-- WHAT THE TASK ASKS --
Give the lines again exactly as they appear below, from the line with "사본 -창경포럼인증위원회 공식_국민통장.jpg" to the line with "Трассировка в первую", both included, and only those lines. Leave every picture out.

-- EXTRACTED DATA --
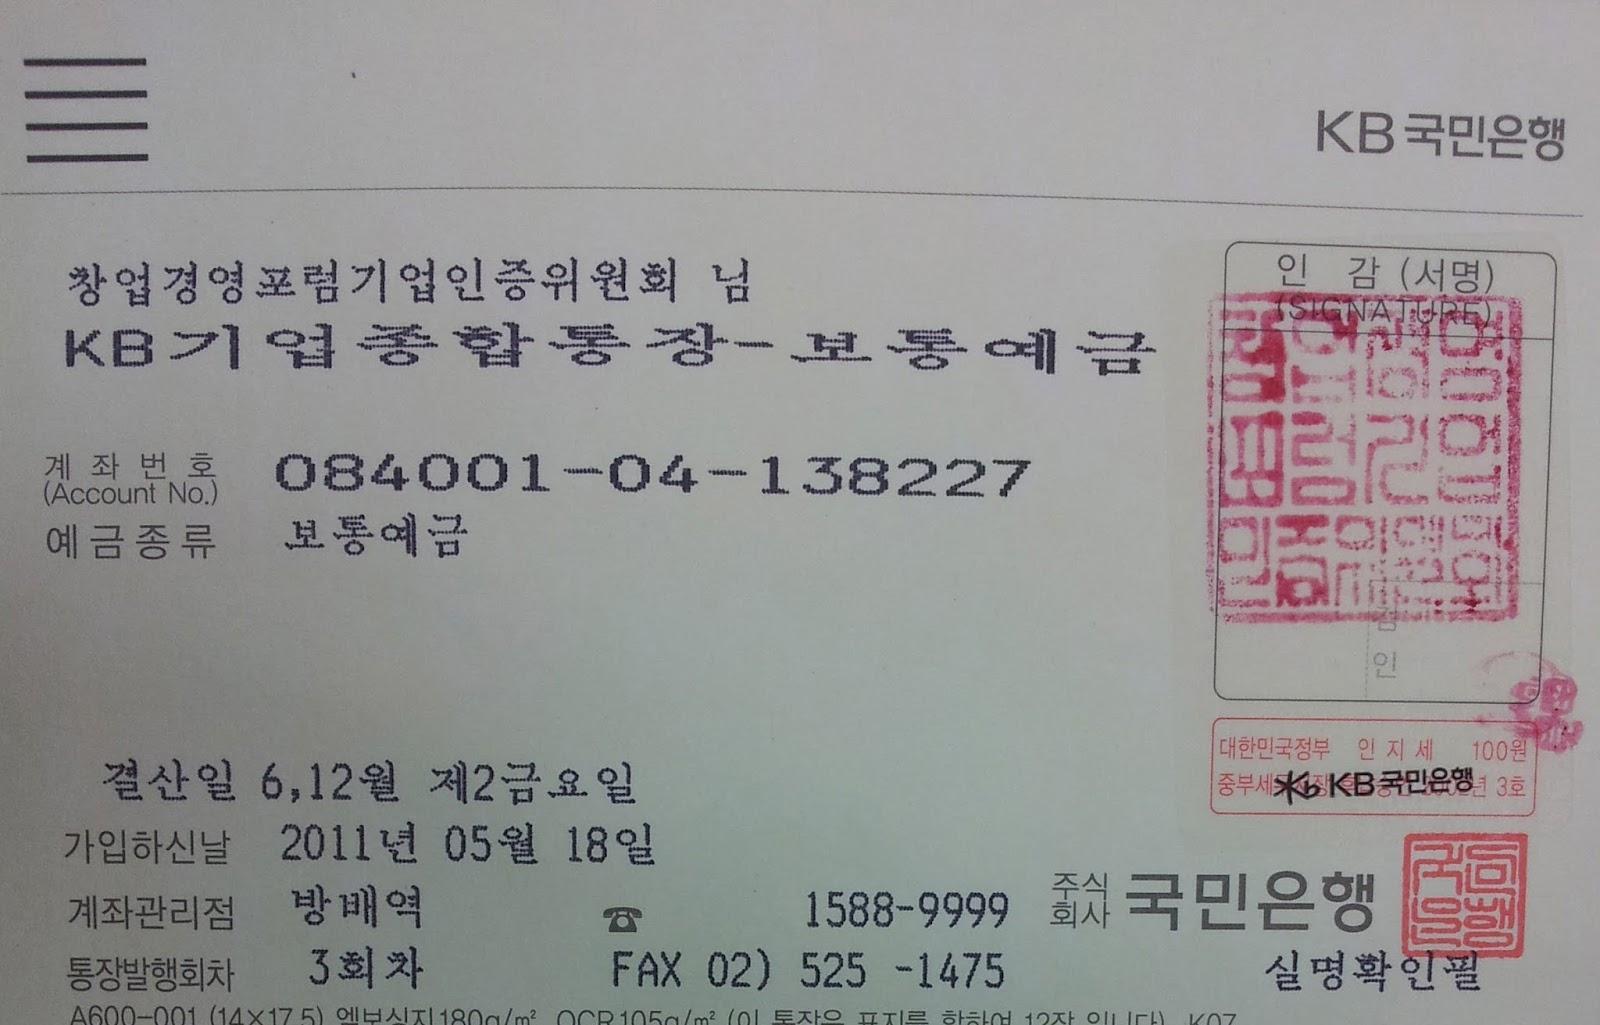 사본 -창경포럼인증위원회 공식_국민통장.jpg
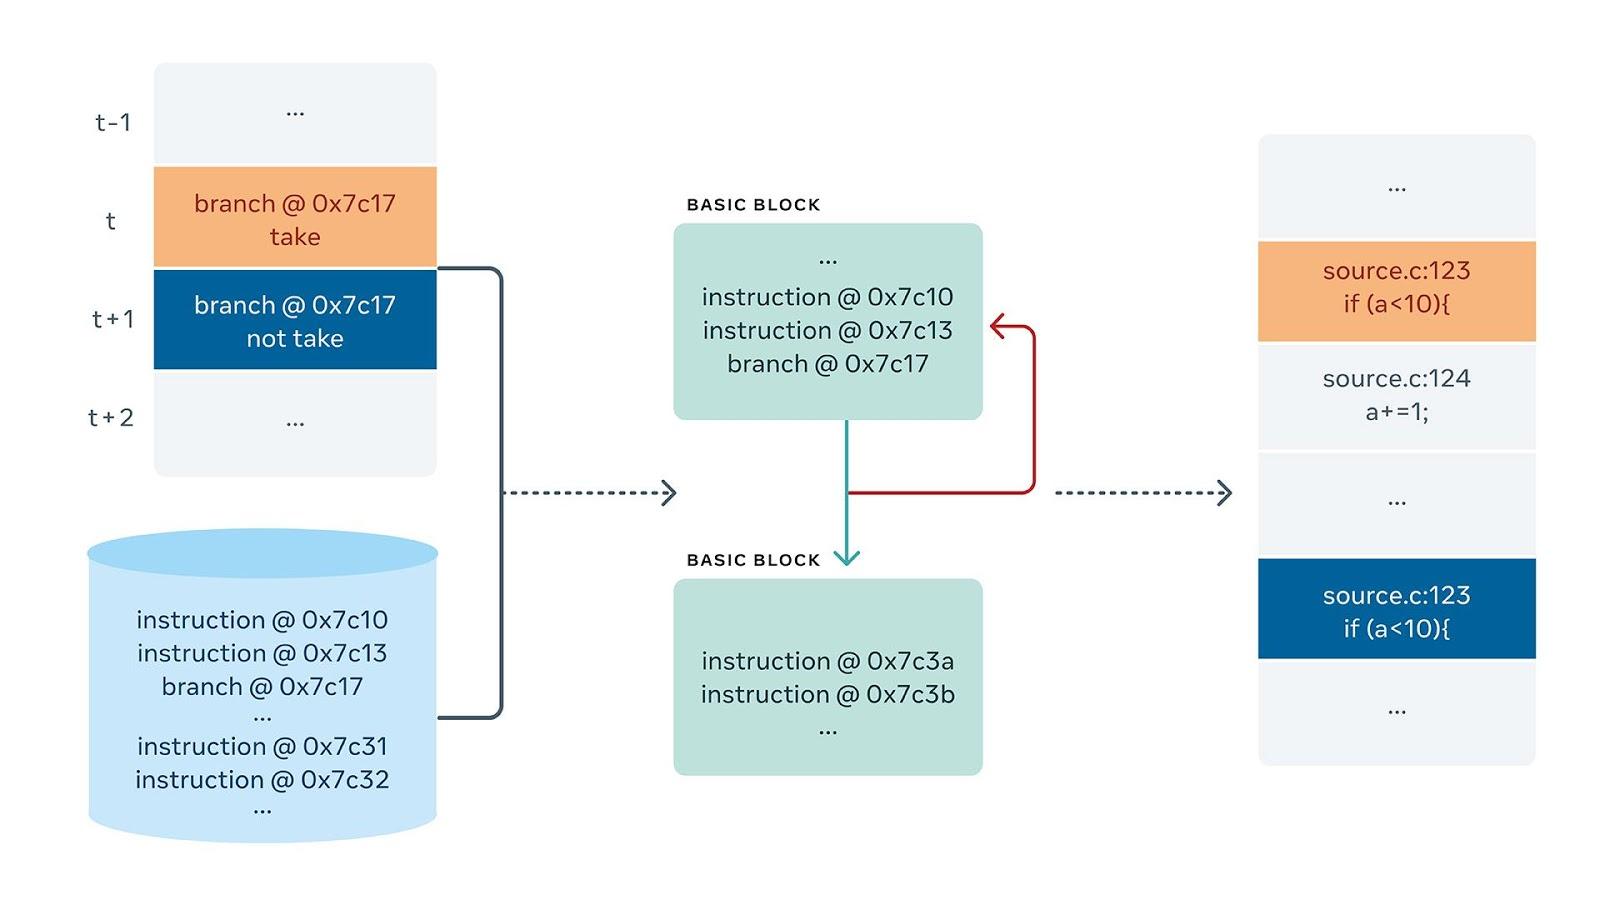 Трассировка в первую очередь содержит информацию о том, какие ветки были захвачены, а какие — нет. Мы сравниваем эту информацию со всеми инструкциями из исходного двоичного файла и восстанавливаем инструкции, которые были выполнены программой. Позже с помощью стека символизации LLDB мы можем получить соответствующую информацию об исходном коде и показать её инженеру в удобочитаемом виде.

...

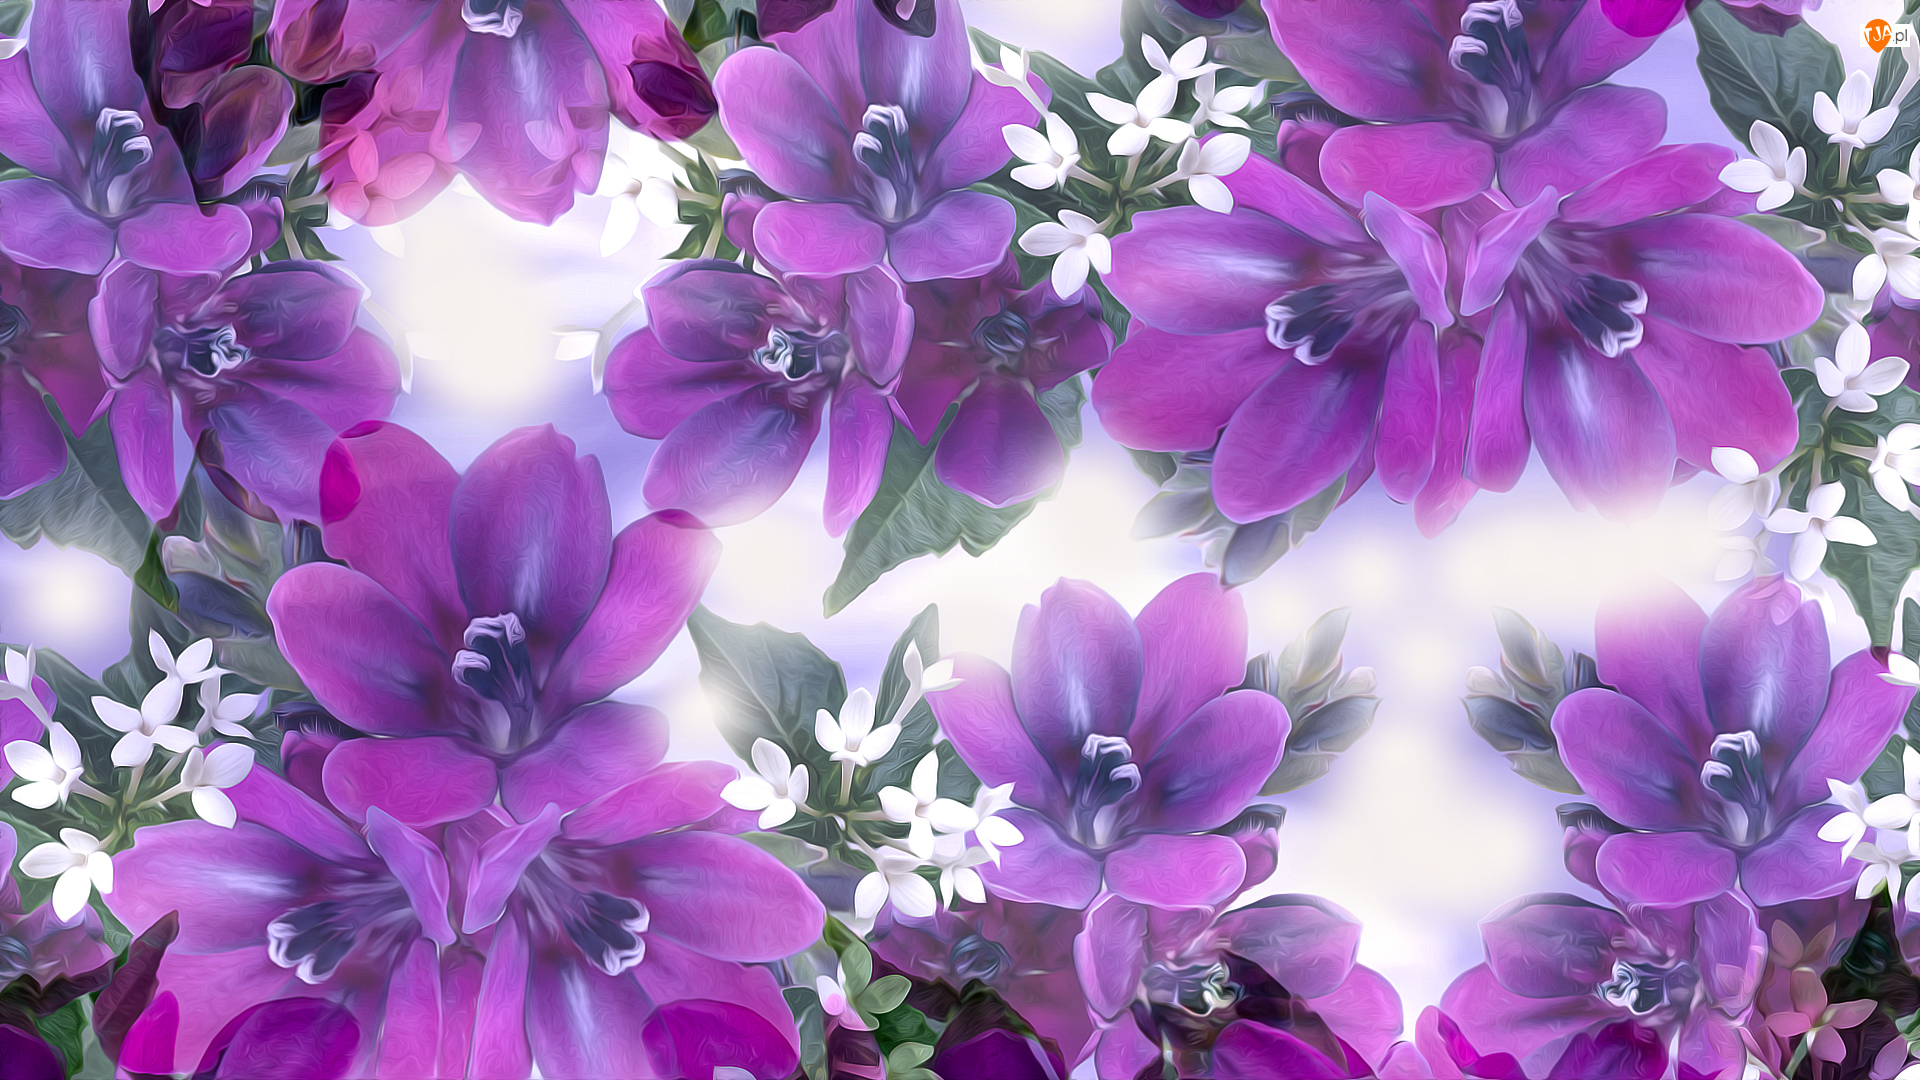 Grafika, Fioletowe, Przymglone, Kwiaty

-- EXPECTED OUTPUT --
 사본 -창경포럼인증위원회 공식_국민통장.jpg
 Трассировка в первую очередь содержит информацию о том, какие ветки были захвачены, а какие — нет. Мы сравниваем эту информацию со всеми инструкциями из исходного двоичного файла и восстанавливаем инструкции, которые были выполнены программой. Позже с помощью стека символизации LLDB мы можем получить соответствующую информацию об исходном коде и показать её инженеру в удобочитаемом виде.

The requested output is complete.